I can wrap my head around the Great Wheel cosmology, as conveniently printed in the D&D 5E PHB; and I can also wrap my head around the spin WOTC gave the cosmology back in 4E. I own the Manual of the Planes, for 3E and 4E.
I have several, to many thousands of pages of PF hardbacks; and I'm not seeing the quick, simple, easy presentation of the cosmology. Knowledge of it appears to be assumed?
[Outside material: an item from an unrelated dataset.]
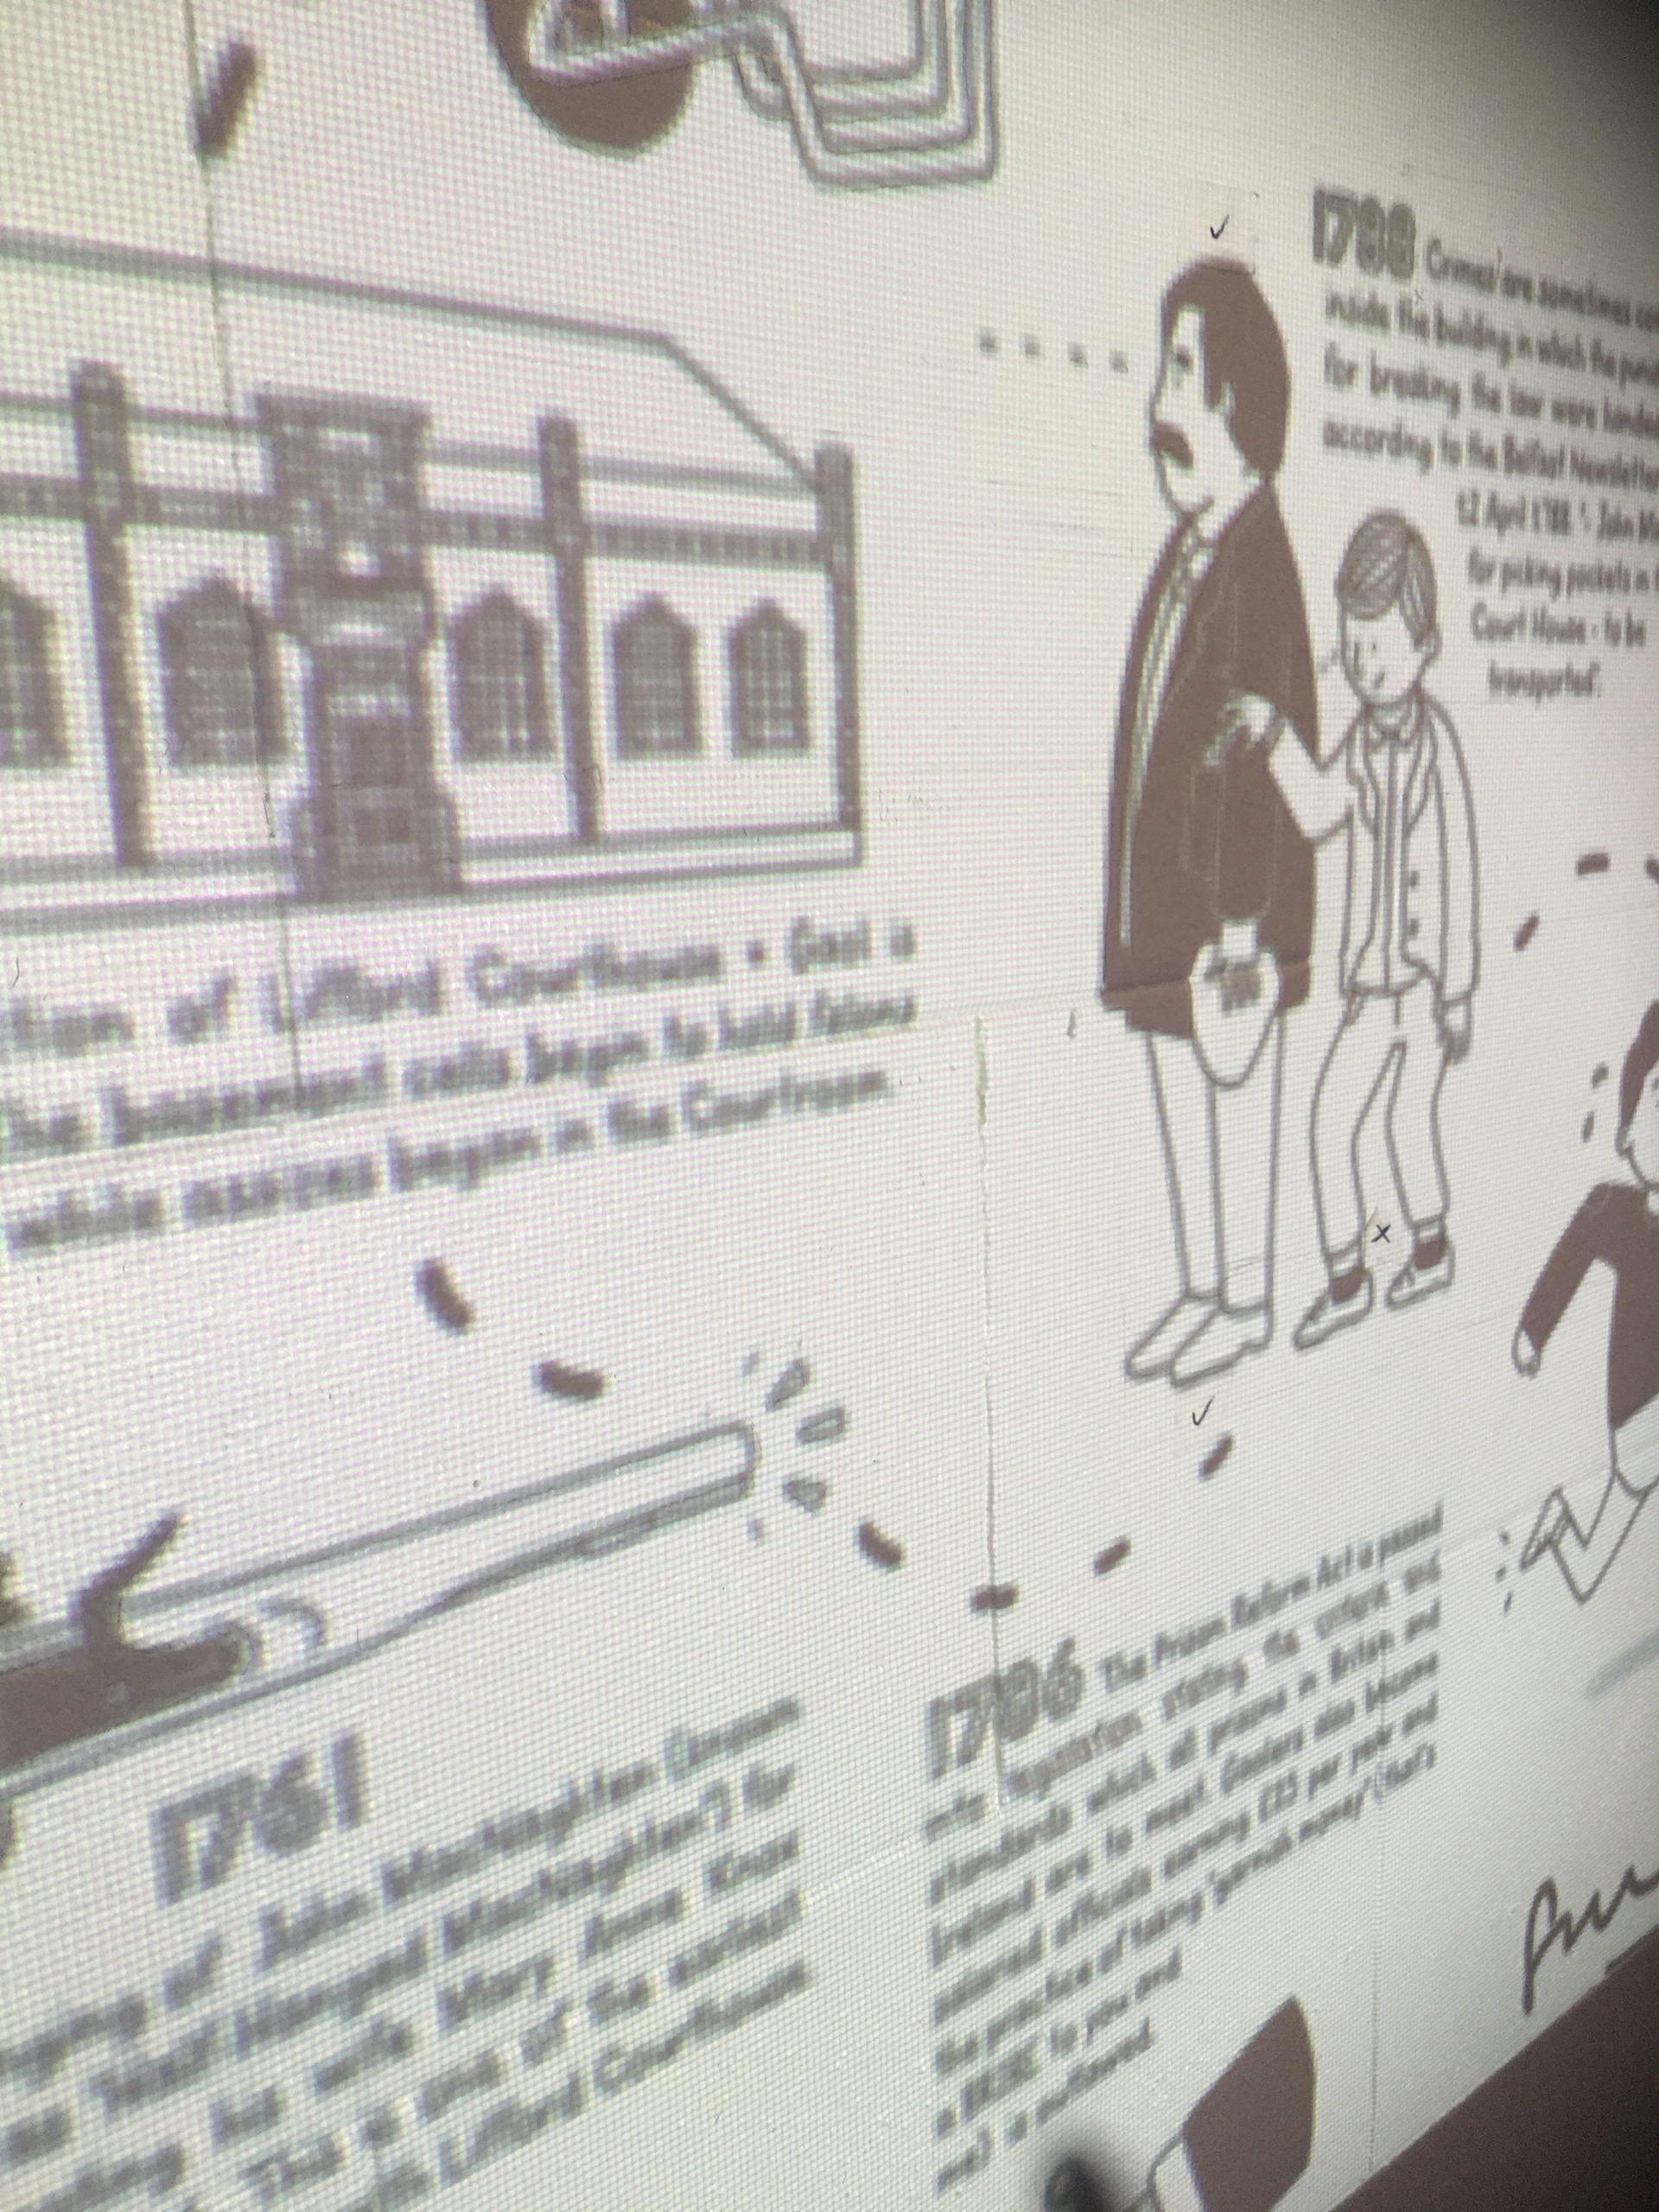 mural-childrens-history-illustration-ruth-graham-design-illustrator-ireland

There are different planes named, and different celestials / outsiders around every corner.
For PF 1E to have been D&D 3.XX; it seemed to throw a lot at the wall in a hurry?
The first presentation of the PF1 cosmology is in a distinct cosmology chapter in the original PF1 'Inner Sea World Guide' the core setting book which gives a concise overview of the cosmology, and it was later expanded on with a book of its own 'The Great Beyond: A Guide to the Multiverse'.
PF2E includes a primer on the cosmology in the 2E Gamemastery Guide in a chapter of its own.
I wrote the above three FWIW.
I personally think that PF benefits from having had a cosmology in mind at the outset of the core setting and natives for those planes in mind, whereas D&D had a slow and not necessarily planned in advance development and population of its cosmology. But of course YMMV.
I don't own the Inner Sea World Guide, or The Great Beyond: a Guide to the Multiverse.
I do own the encyclopedic Core Rulebook, Strategy Guide, Gamemastery Guide, Advanced Player's Guide, Ultimate Magic, the NPC Codex, Monster Codex, and all 6 of the Bestiaries. Plus the Beginner's Box, the Dragons Unleashed Campaign Setting, and the Bestiary 1 Pawns. And in all of that, there isn't very much cosmology information. I've had to just treat it as equivalent to the 3E & 5E cosmology.
But then there are so many Celestials / outsiders, and planes, and some of the names are different..... It's overwhelming; because this isn't my only RPG, or even my only hobby.